Yeah it matches, it's the one that I'm currently using until I don't find a solution.

But I would like to match just if there are 6 exactly results.

We already tried these below, do you have some more tips/idea?

(?i)(.*data.*){6,}
(?i)(.data.){6,}
(?i)(\"data\"){6,}

[Michelle-PortSwigger]

Sorry, I thought you were looking for x or more occurrences rather than a specific number of occurrences.

Leave it with us, and we'll take another look.

[xen00rw]

Perfect!

Thanks alot for your help! :)

If I see some workaround, I'll let you know too

[Michelle-PortSwigger]

I don't yet have a RegEx which is finding a specific number of occurrences of a set string.

When you've been testing this yourself, have you just been testing the RegEx within the BCheck? Have you tested them successfully outside of the BCheck, maybe using an online checker?

[xen00rw]

I have tried some cases outside Burp, but didn't work too.

Also using Burp Search.
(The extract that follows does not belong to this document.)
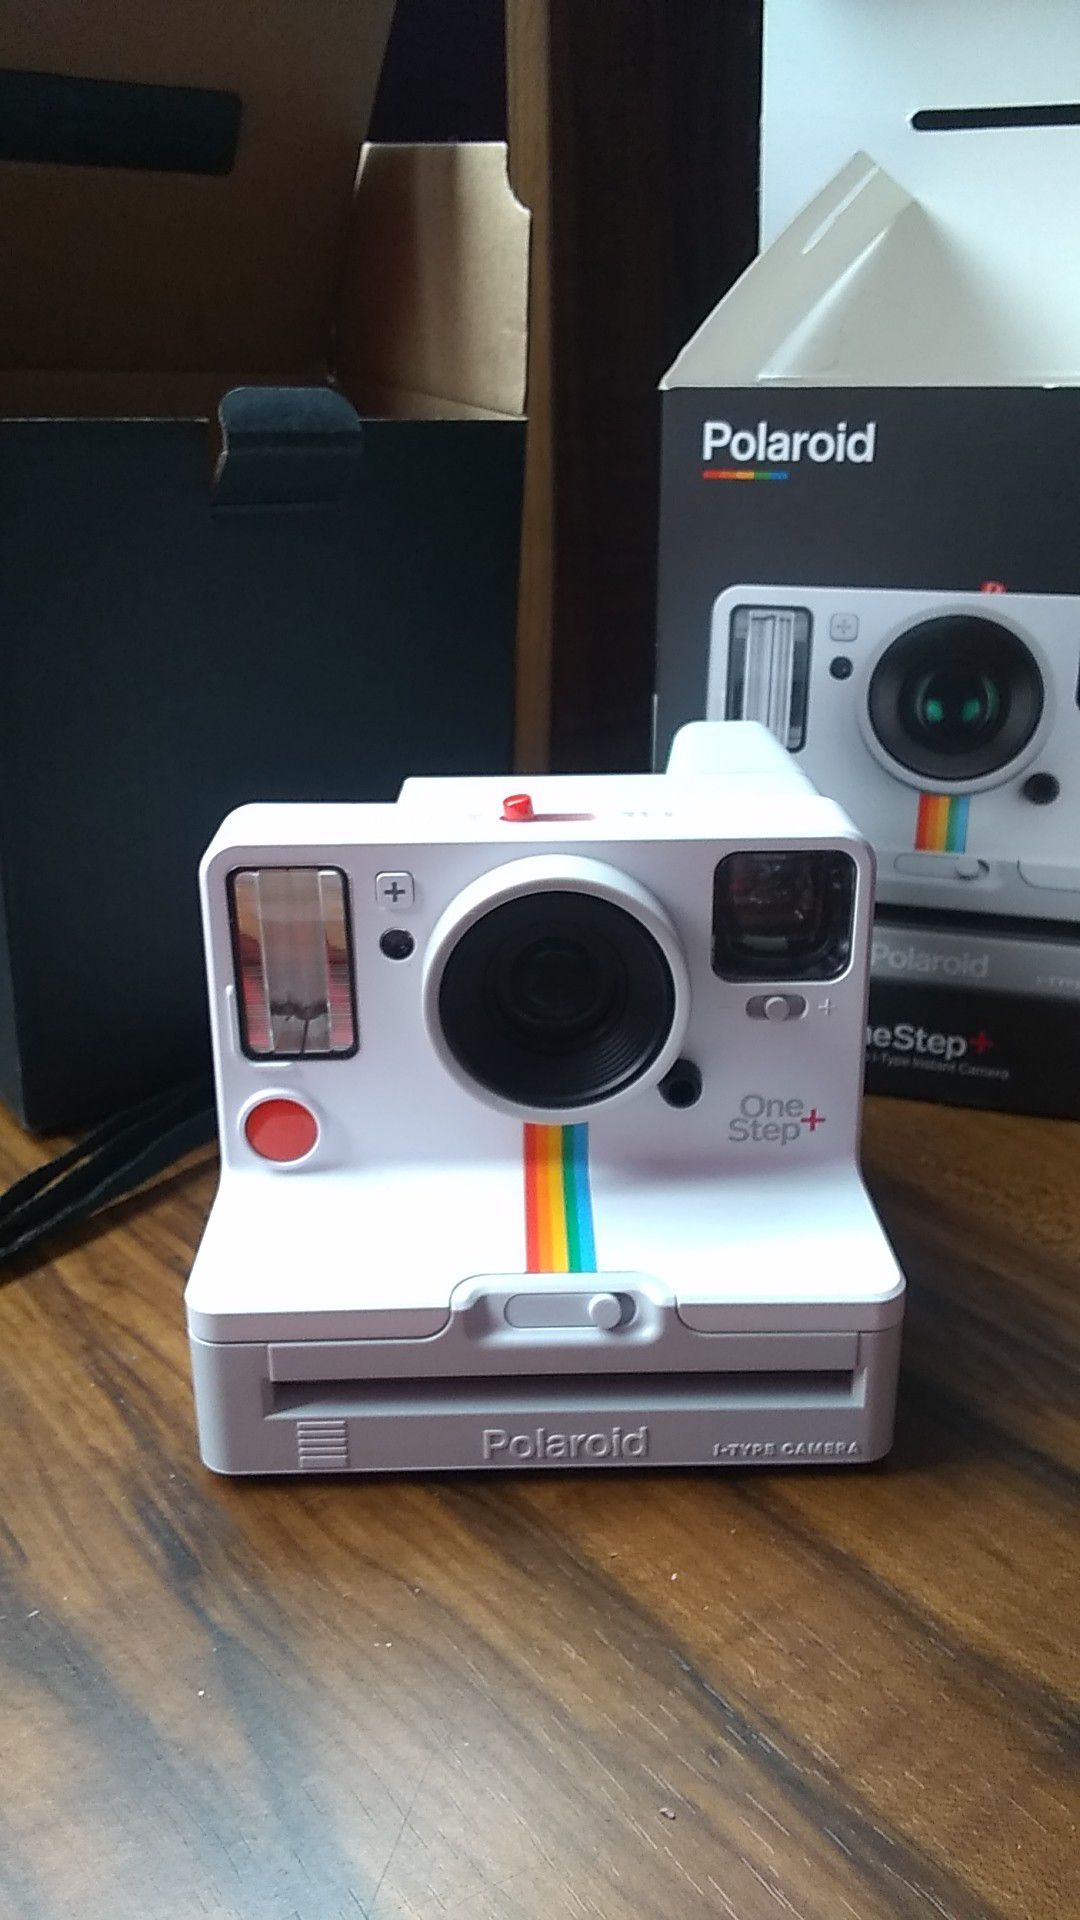 Polaroid one-step plus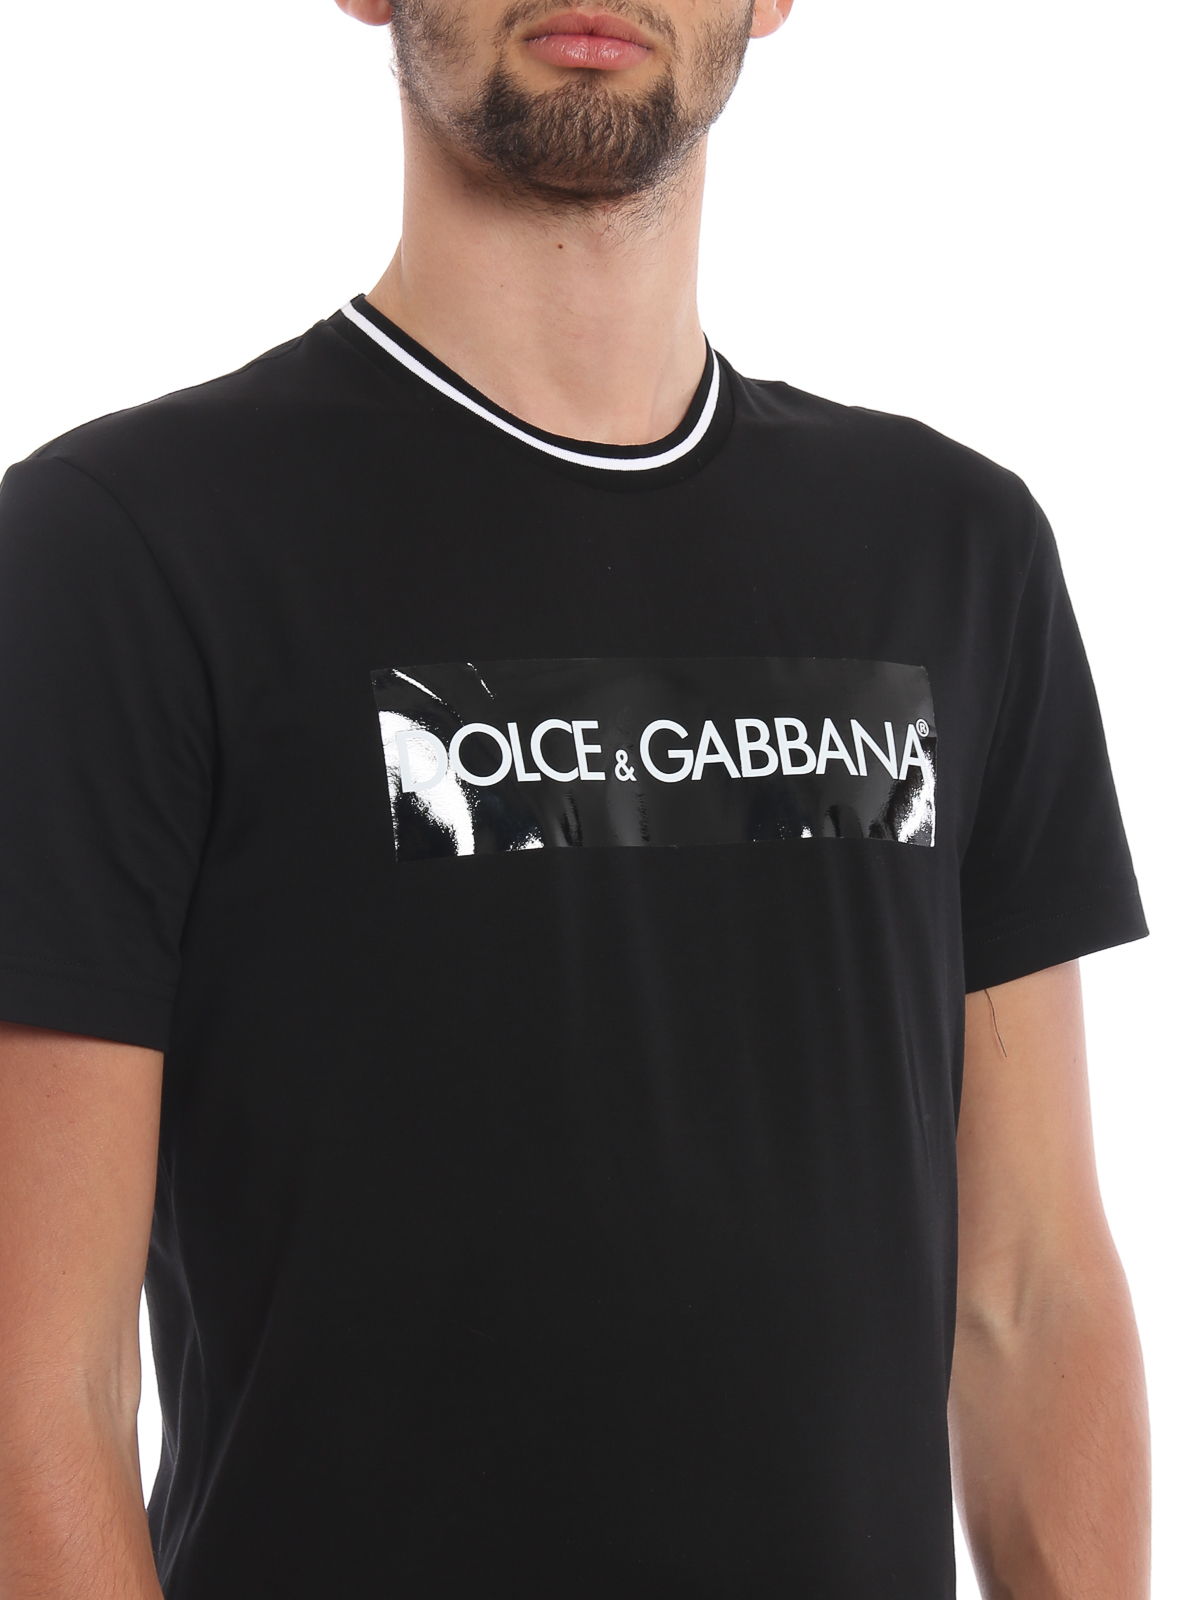 dolce gabbana black t shirt

That's why I came here to suggest an possible feature of comparison.

For example this snippet in Python:

...
text = "This is a sample text with sample string occurrences. Another sample string."
string_to_match = "sample"
matches = re.findall(string_to_match, text)
if len(matches) == 6:
...

P.S.: That doesn't stop Bcheck from already being awesome! hehehe

[Michelle-PortSwigger]

Can you help us gather more details about your use case, to make sure I capture everything?

• How often do you think you would need to use this feature? Do you have any more detailed scenarios you'd be happy to share with us? If you'd rather share these with us directly feel free to send them to [email protected]
• Would exact number of matches, less than/greater than a certain number of matches, less than or equal to/greater than or equal to a certain number of matches, cover all your scenarios?
• Would you mainly be using this match in the response body or do you have other use cases?

[xen00rw]

Hey Michelle, sorry for the latency to response.

I will send you guys an e-mail with more details. Thanks alot!

[Michelle-PortSwigger]

No worries :)
We've got your email, we'll be in touch soon.